Given that scar tissues have dual functions (both protective and inhibitory) in the recovery from injury^1,2, our work raises the important question of whether κ opioid receptor drugs can be employed to control ependymal cell proliferation dynamically, thus modulating scar formation and wound healing in certain types of spinal cord injuries. We have provided proof-of-principle evidence that tissue integrity and functional recovery after injury can be modulated by Nalfurafine, a κ agonist that has received approval in multiple countries as an antipruritic with minimal adverse effects⁴³. Whether this strategy has potential therapeutic value will require further assessment of the temporal contributions of the ependymal lineage and κ signaling to the scar formation process. Additionally, over-proliferation of ependymal cells also occurs in clinical cases of spinal ependymoma, which is associated with pain and weak muscle control. It will be interesting to investigate whether the endogenous κ signaling pathway is involved in tumor formation in such conditions. In any case, this pathway likely represents just one of several controlling ependymal proliferation, and further studies will determine its contribution and therapeutic potential relative to other mechanisms.

Methods

Animals

All animal experiments were conducted in accordance with protocol AN192533 approved by the Institutional Animal Care and Use Committee, University of California, San Francisco. Mice were raised under regular diurnal (12:12) light-dark cycles at a temperature of 68–79°F and a humidity of 30–70% with ad libitum access to food and water. We used mice of both sexes between the age of 1–6 months. Tg(PKD2L1-Cre) mice (MGI: 5691401)¹⁰ and Pdyn^fl/fl mice (MGI: 7407169)⁴⁴ were kindly provided by Dr. Charles Zuker (Columbia University) and Dr. Richard Palmiter (University of Washington, Seattle), respectively. Wildtype C57BL6/J mice as well as Rosa26^LSL-tdTomato (MGI: 3813512)⁴⁵, Pdyn^Cre (MGI: 5562873)⁴⁶, Polr2a^{GCaMP5G-tdTomato} (MGI: 5560331)⁴⁷, MORF3 (MGI: 6441965)²³, Rosa26^iDTR (MGI: 3772576)⁴⁸ and Sox2^CreERT2 (MGI: 5295990)⁴⁹ mice were acquired from Jackson Laboratory.

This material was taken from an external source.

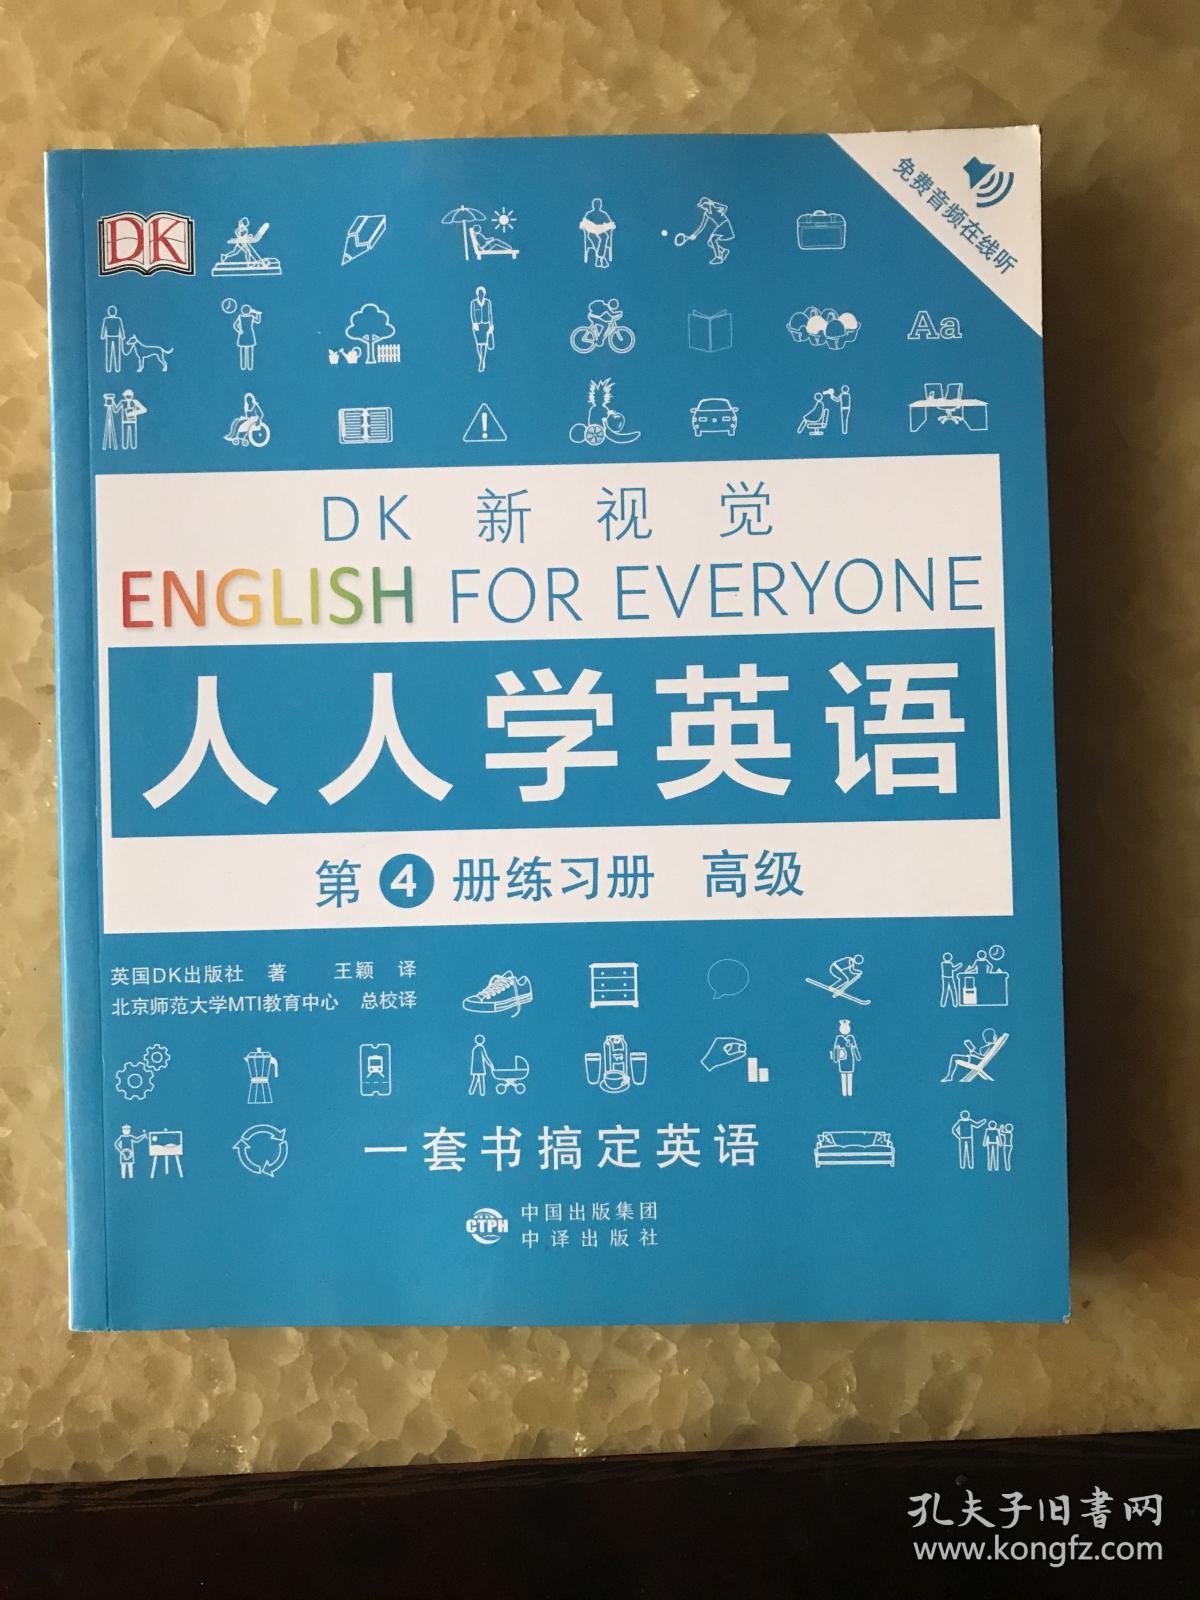 高级练习册/DK新视觉 English for Everyone 人人学英语第4册练习册
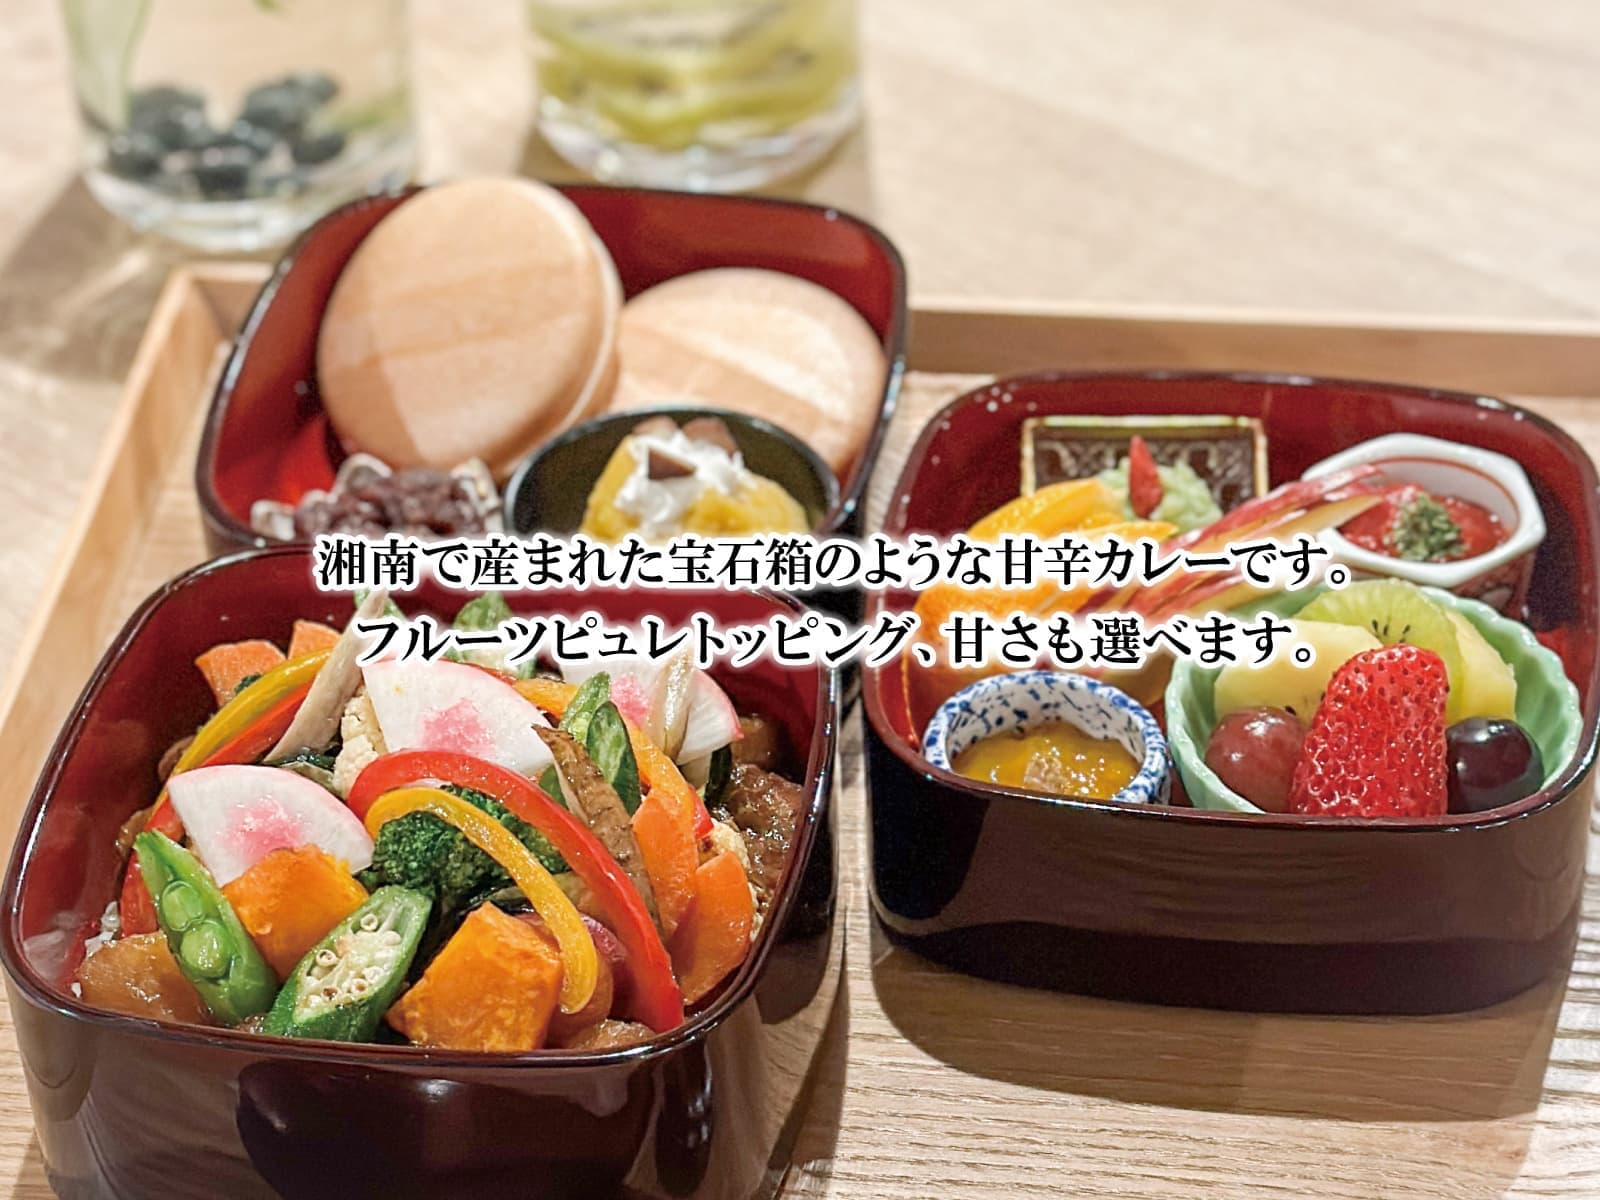 横浜で人気のカレーyukartの森焼き野菜玉手箱

For cell ablation, 1 mg/ml stock solution of DTX (List Biological Laboratories, #150) was prepared with water, aliquoted and stored at −20°C until use. When needed, the DTX solution was diluted to 5 ng/μl with sterile 0.9% saline and 50 μg/kg was administered i.p. daily for 5 consecutive days. For CreERT2 induction, tamoxifen (Sigma-Aldrich, T5648) was dissolved at a concentration of 20 mg/ml in corn oil at 37°C overnight and then stored at 4°C for no longer than 4 days. Mice were i.p. injected with 2 mg tamoxifen/day for 3 consecutive days. To avoid any direct effect of tamoxifen on cell proliferation, mice were used for experiments after >3 weeks. In all experiments, littermates were used as genotype controls whenever possible; when not, age-matched animals were used. Mice of each genotype were randomly selected and assigned to different groups in all experiments. Where possible, experimenter was blinded from the genotype or drug treatment information when performing surgeries and quantifications, including event counting, cell counting and intensity measurements.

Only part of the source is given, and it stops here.